Polish parliament rejects near-total abortion ban after ...
WARSAW, Oct 6 (Reuters) - Poland's parliament overwhelmingly rejected plans for a near-total ban on abortion on Thursday after mass protests by tens of thousands of women, marking an embarrassing setback for the conservative government and the powerful Catholic Church.
The ruling Law and Justice party (PIS) had originally backed the draft proposals drawn up by an independent anti-abortion campaign group but was badly shaken by Monday's protest rallies across Poland attended by up to 100,000 women dressed in black.
Poland already has one of Europe's most restrictive abortion laws but the new proposals would have limited it only to cases where the mother's life was in direct danger - a step too far even for many women who helped vote PiS into power a year ago.

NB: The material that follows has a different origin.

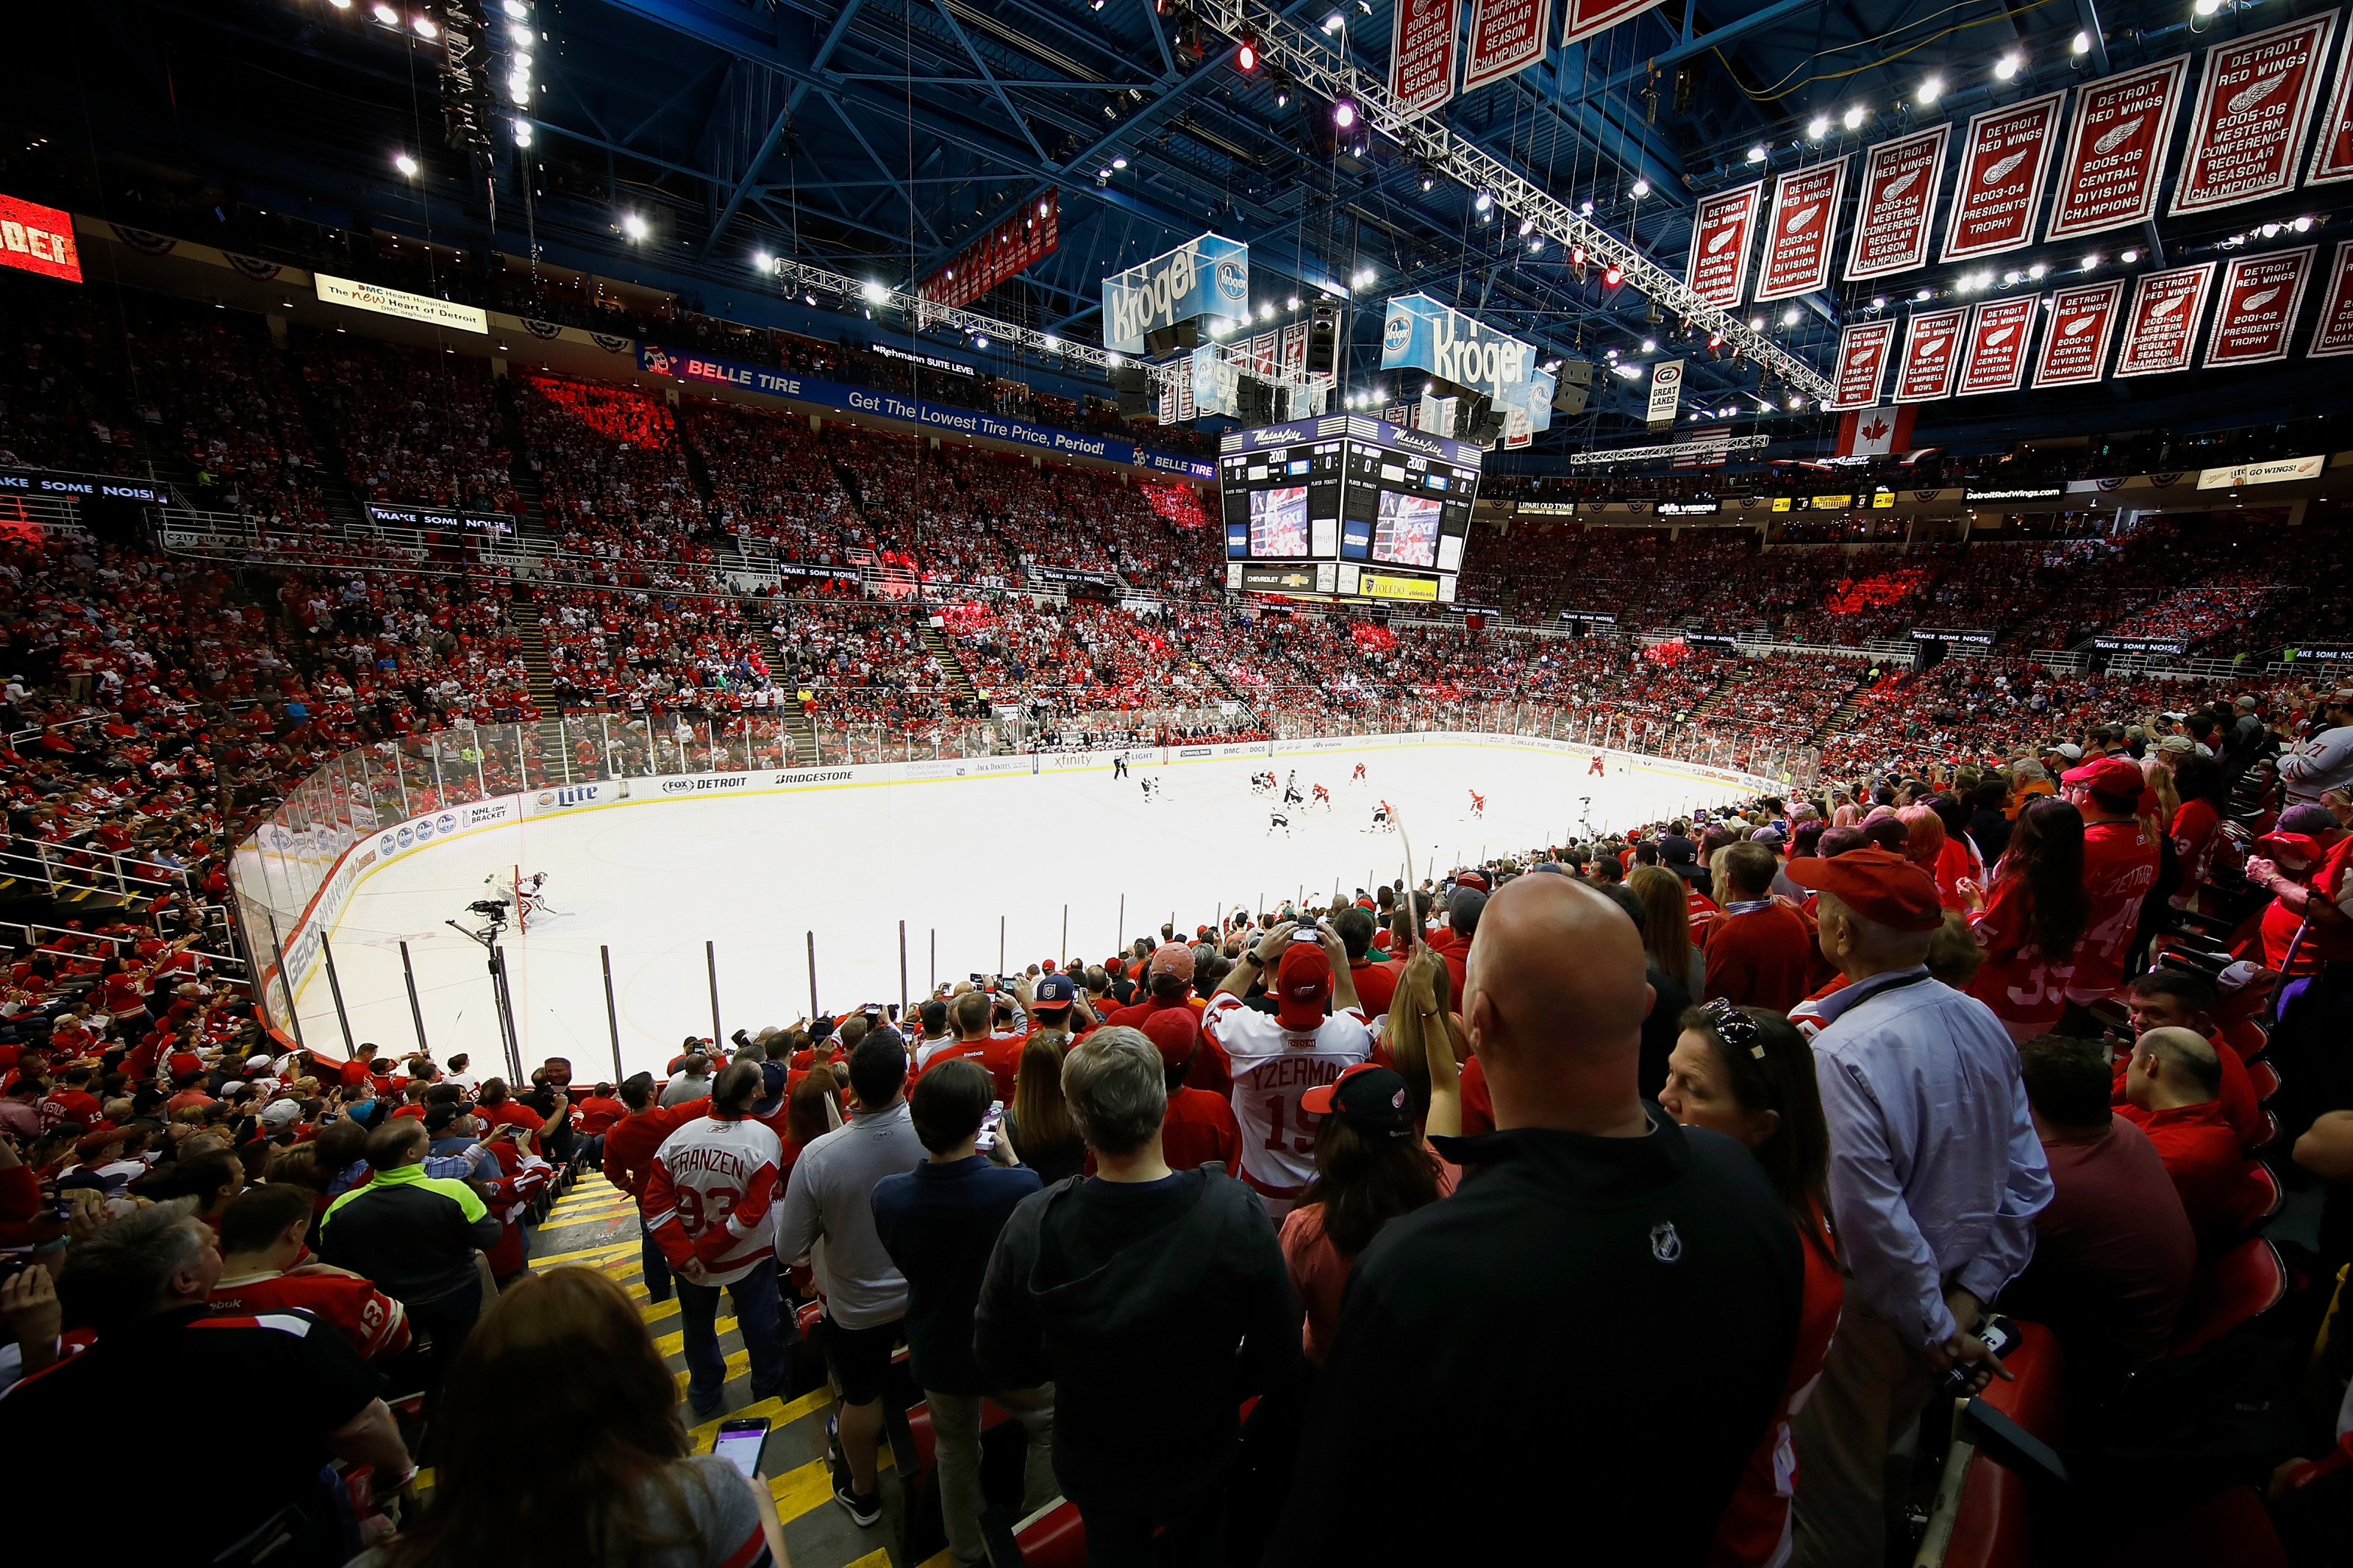 Tiny Red Wings fan wins over Joe Louis Arena crowd

Under the rejected plan, women and doctors would have faced up to five years in jail for performing an abortion.
"PiS continues to back the protection of life," party leader Jaroslaw Kaczynski, a devout Catholic, told parliament. "And it will continue to take action in this respect but it will be considered action."
In the vote 352 lawmakers rejected the proposals against 58 in favour, but liberal opposition deputies warned of possible further attempts to tighten the law by the PiS government, which has a big parliamentary majority.
"We have to remain vigilant because we don't know what the future holds for abortion rules in Poland. We can't be sure that PiS won't come up with a new proposal," said Joanna Schmidt, a lawmaker with the new liberal Modern party.
Under current rules, enshrined in a 1993 law that ended the liberal approach of communist times, abortion is allowed in cases of rape, incest, danger to the mother's health or when prenatal tests show serious, irreversible damage to the foetus.
But activists say women are sometimes denied an abortion in such cases when a doctor invokes moral or religious objections.
Poland remains one of Europe's most staunchly Catholic nations, although the clergy has seen its influence steadily eroded by more than two decades of democratisation and market reforms since the 1989 fall of communism.